Channel 2′s Tyisha Fernandes spoke with investigators about how they tracked down the child. Oakwood Police Sergeant Chris Campbell has a warning for all parents.

“It’s a good thing to stay in your kid’s business and especially their electronic devices and stuff. You have to these days,” Campbell said.

Police say Sarabia flew from California to Georgia and planned to take her back to California to traffick her.

“She ended up leaving in an Uber and just walking out the house in the middle of the night,” Campbell said.

When her parents realized she was gone the next day, they thought someone had kidnapped her because she’s a homeschooled child who is home most of the time.

“The online predator thing is a big deal. These predators and human traffickers are all over the internet, they’re all over social apps,” Campbell said.


Oakwood police tracked her phone to a College Park motel.

“She was messaging her parents at one time saying she didn’t know where she was,” Campbell said.

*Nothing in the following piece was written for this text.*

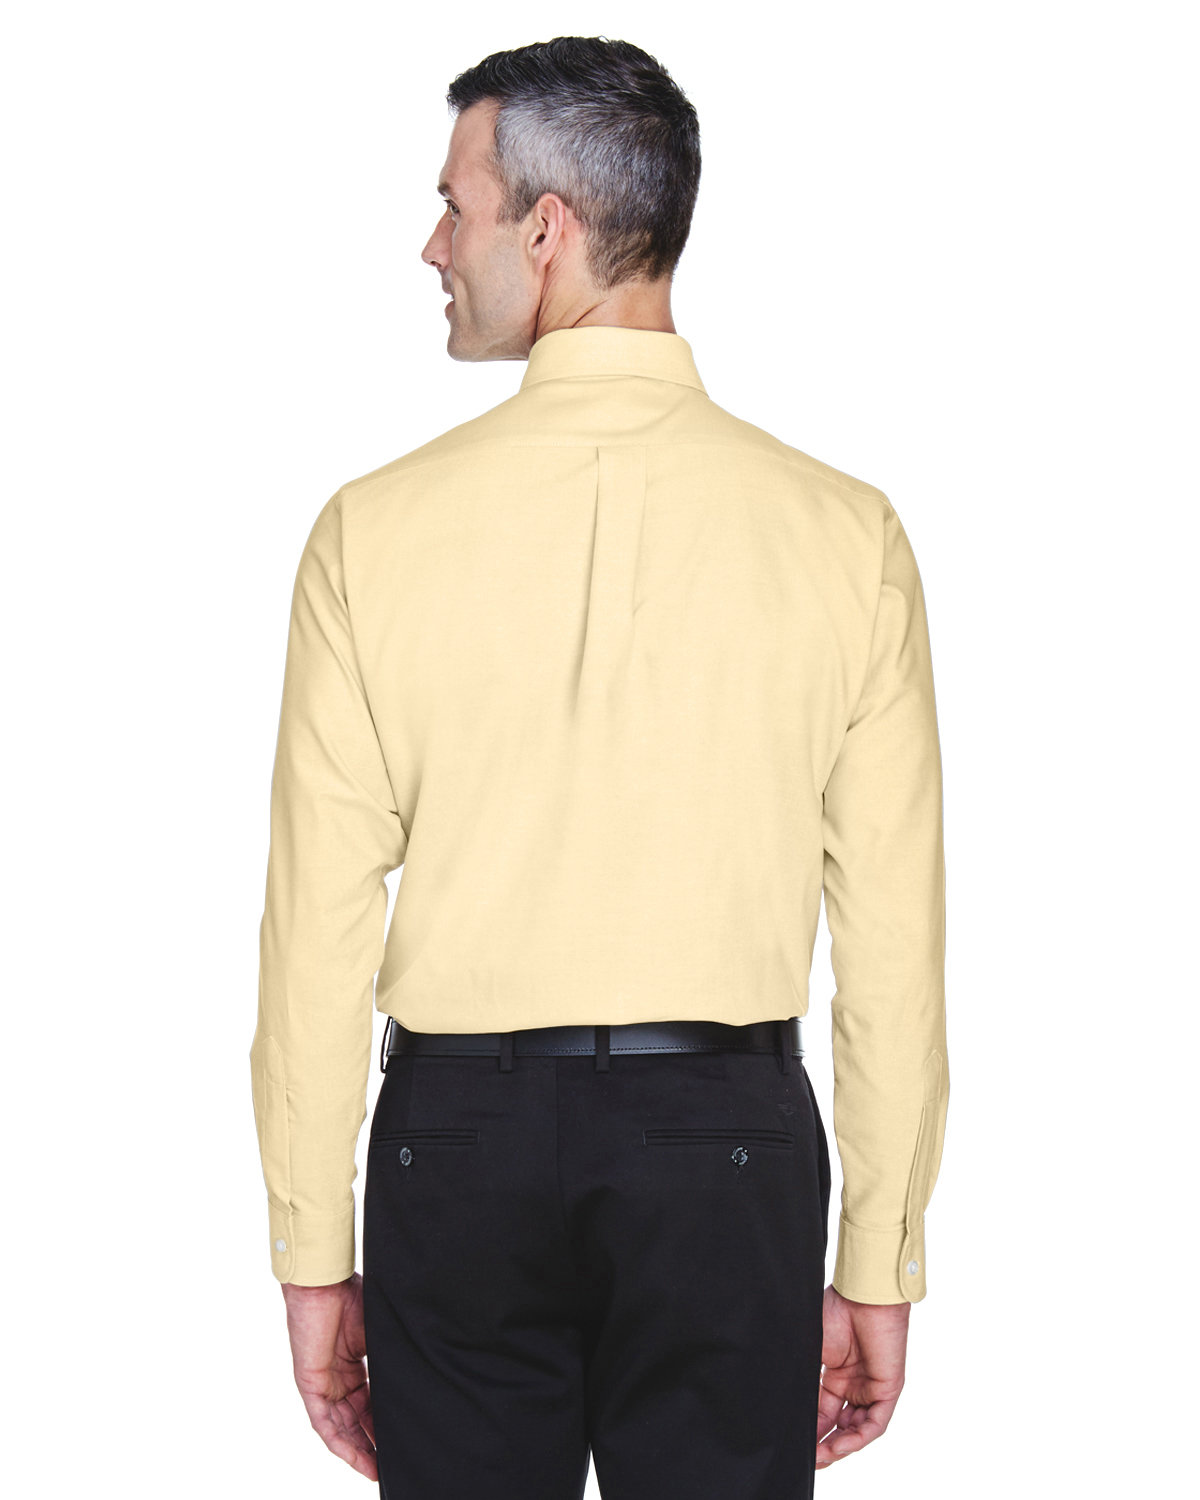 UltraClub Men's Classic Wrinkle-Resistant Long-Sleeve Oxford - image 2 of 3

Investigators aren’t sure if that was actually the girl or the suspect who typed the message.

Sarabia is charged with statutory rape and police believe there could be more suspects and more victims.

Police say parents should monitor social media apps and gaming apps as well.

“They’re all over the gaming systems talking to these kids through headsets. The gaming system is a big place for them to draw kids,” Campbell said.

The parents of this girl did not think their daughter was capable of leaving with a stranger like she did.

They urge other parents to monitor what their child is doing online, even if they think their child would never do something like this.